Olympics: Risk of spread of COVID-19 is ‘zero’, says IOC chief Bach, even as cases rise in Tokyo

International Olympic Committee President Thomas Bach said on Thursday there was a “zero” risk of Games participants infecting Japanese residents with COVID-19, as cases peaked in six months in the city host.

“The risk to other residents of the Olympic Village and the risk to the Japanese people is zero,” Bach said, adding that athletes and Olympic delegations had undergone more than 8,000 tests for coronavirus, resulting in three positive cases.

These cases have been placed in isolation and their close contacts are also subject to quarantine protocols, Bach said at the start of talks with Tokyo Governor Yuriko Koike and Tokyo 2020 President Seiko Hashimoto.

Just over a week before the opening ceremony on July 23, Tokyo reported 1,308 new COVID-19 infections on Thursday, its highest daily tally since the end of January.

Postponed last year due to the COVID-19 pandemic, the Summer Olympics have little public support in Japan amid widespread fears about a further spread of the coronavirus.
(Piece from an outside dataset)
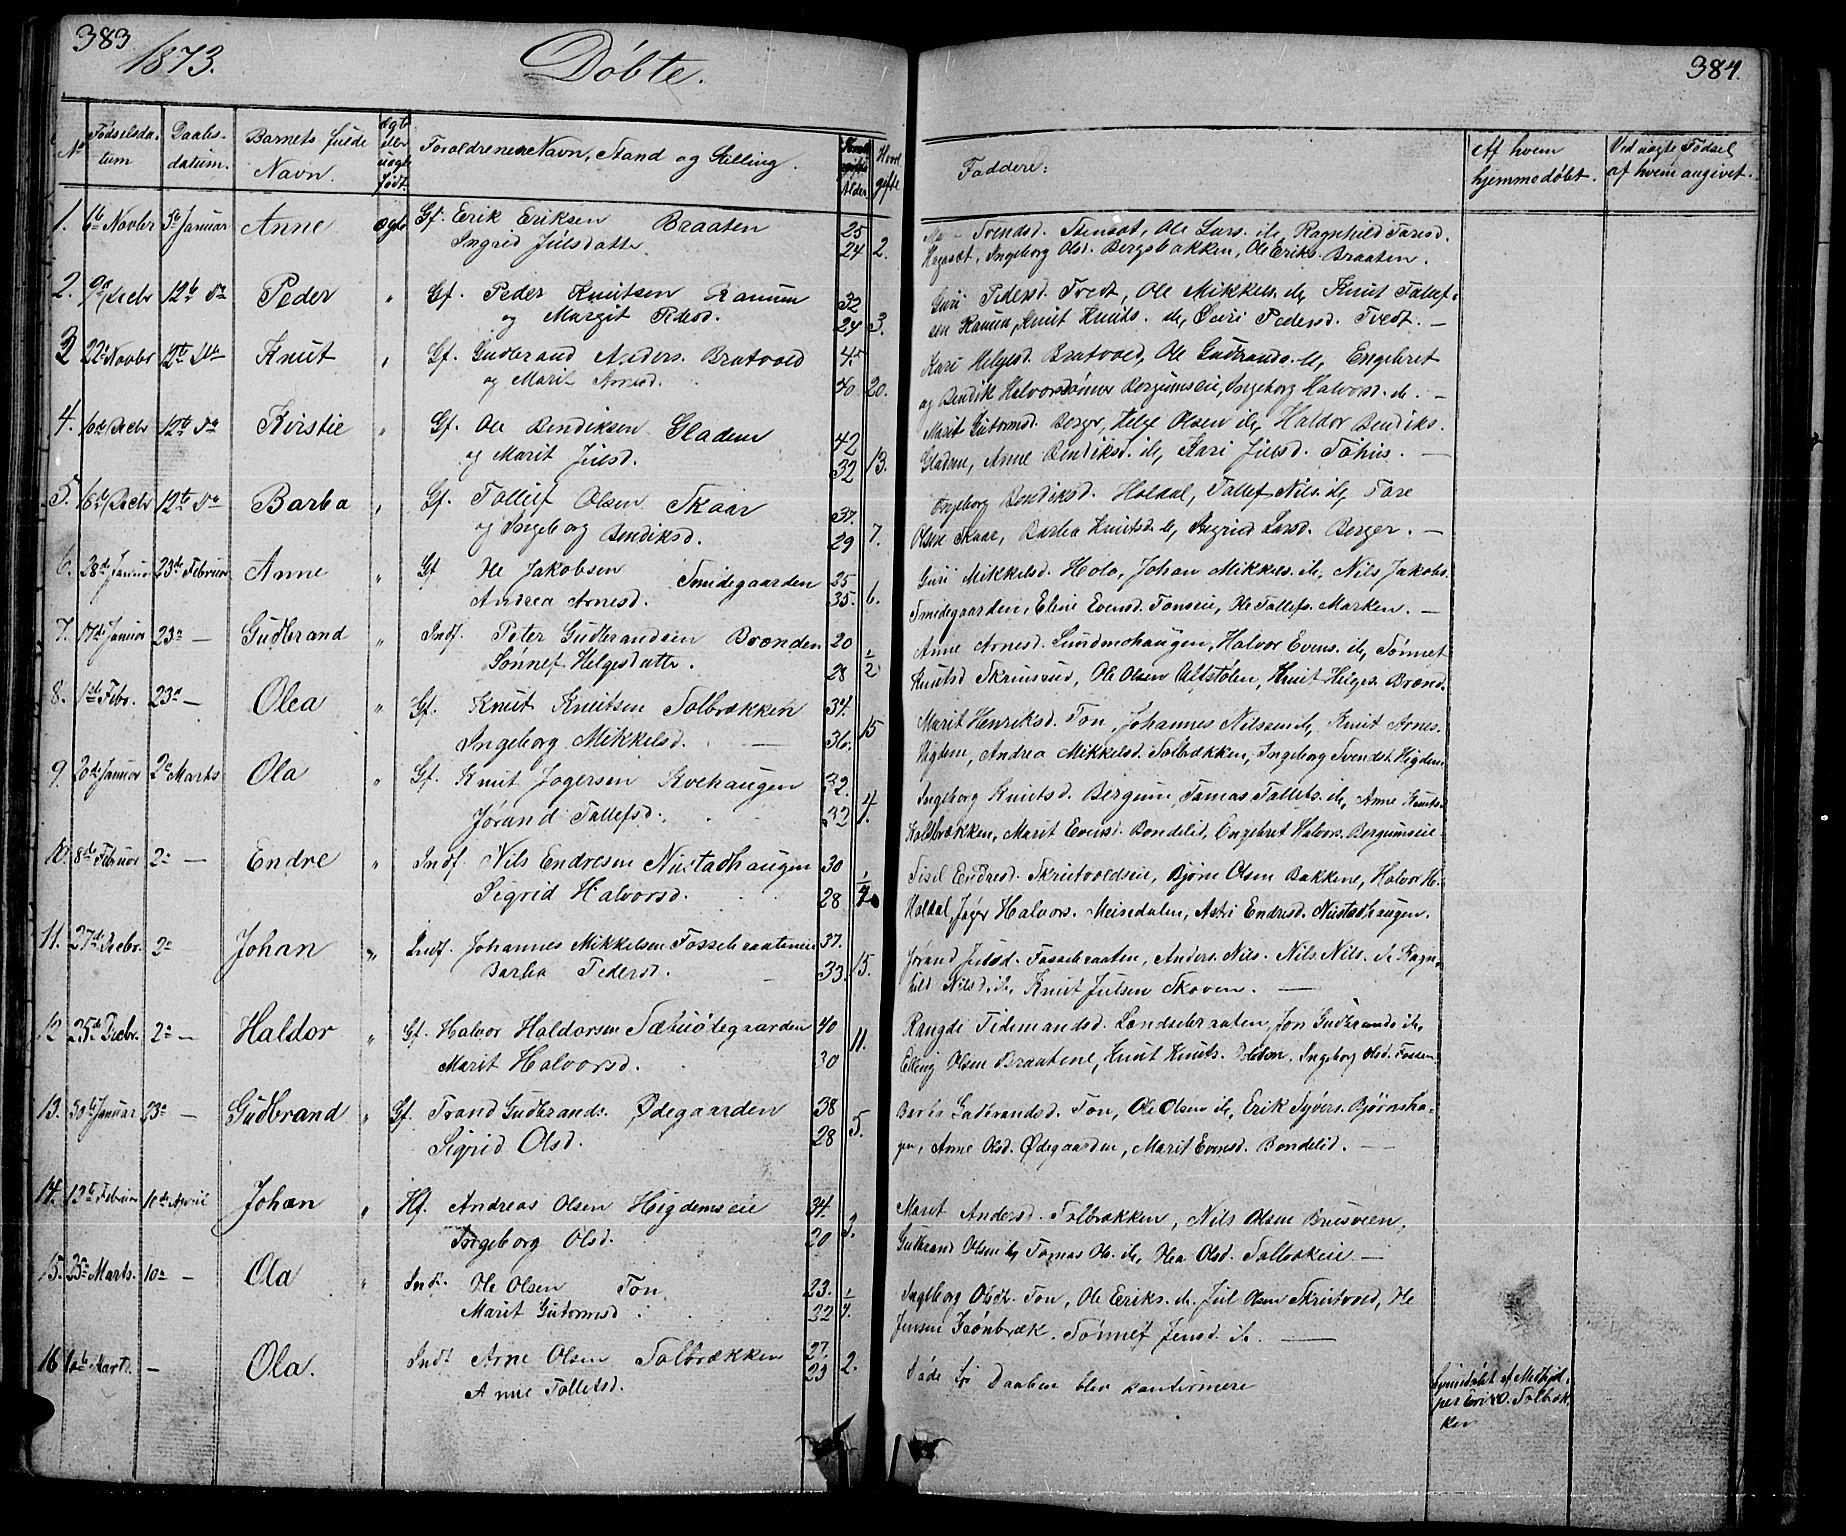 SAH, Nord-Aurdal prestekontor, Klokkerbok nr. 1, 1834-1887, s. 383-384

Critics of plans to host the Tokyo Olympics – which have been postponed for a year due to the pandemic – submitted a petition on Thursday that garnered more than 450,000 signatures this month, Japanese media reported .

Organizers have imposed Olympic “bubbles” to prevent further transmissions of COVID-19, but medical experts fear they are not tight enough.

COVID-19 cases are emerging

A number of infections have emerged among several visiting athletes and people involved in the games.

An Olympic athlete subjected to a 14-day quarantine period tested positive in Tokyo, the organizing committees website reported Thursday, without disclosing any details about the athlete.

Eight members of the Kenya women’s rugby team, who were scheduled to host a training camp in Kurume in southwestern Japan, were classified as close contacts of a passenger on their flight to Tokyo who tested positive coronavirus, a city official said.

The eight athletes all tested negative upon arrival at the airport, the official added, and will remain in an accommodation center in Tokyo until the Games.

Tokyo entered its fourth state of emergency earlier this week amid a rebound in COVID-19 cases that prompted Games organizers to ban spectators from nearly all venues.

Prime Minister Yoshihide Suga told reporters that Japan will take deeper steps to strengthen border controls against the coronavirus.

Restrictions around the cauldron
Given the state of emergency in the host city, the Tokyo 2020 organizing committee has said it will deny public access to the capital’s waterfront and called on the public to refrain from visit the Olympic torch platform.

The waterfront area, dubbed Tokyo Waterfront City, was supposed to feature “cool spots, rest areas and dining areas” and be open to spectators and non-ticket holders, organizers said.

Some of the sponsor booths may be operated on a restricted access basis during the Games, a committee spokesperson told reporters.

The decision whether or not to allow public access to the area during the Paralympics will be made after the Olympics have ended, the spokesperson said.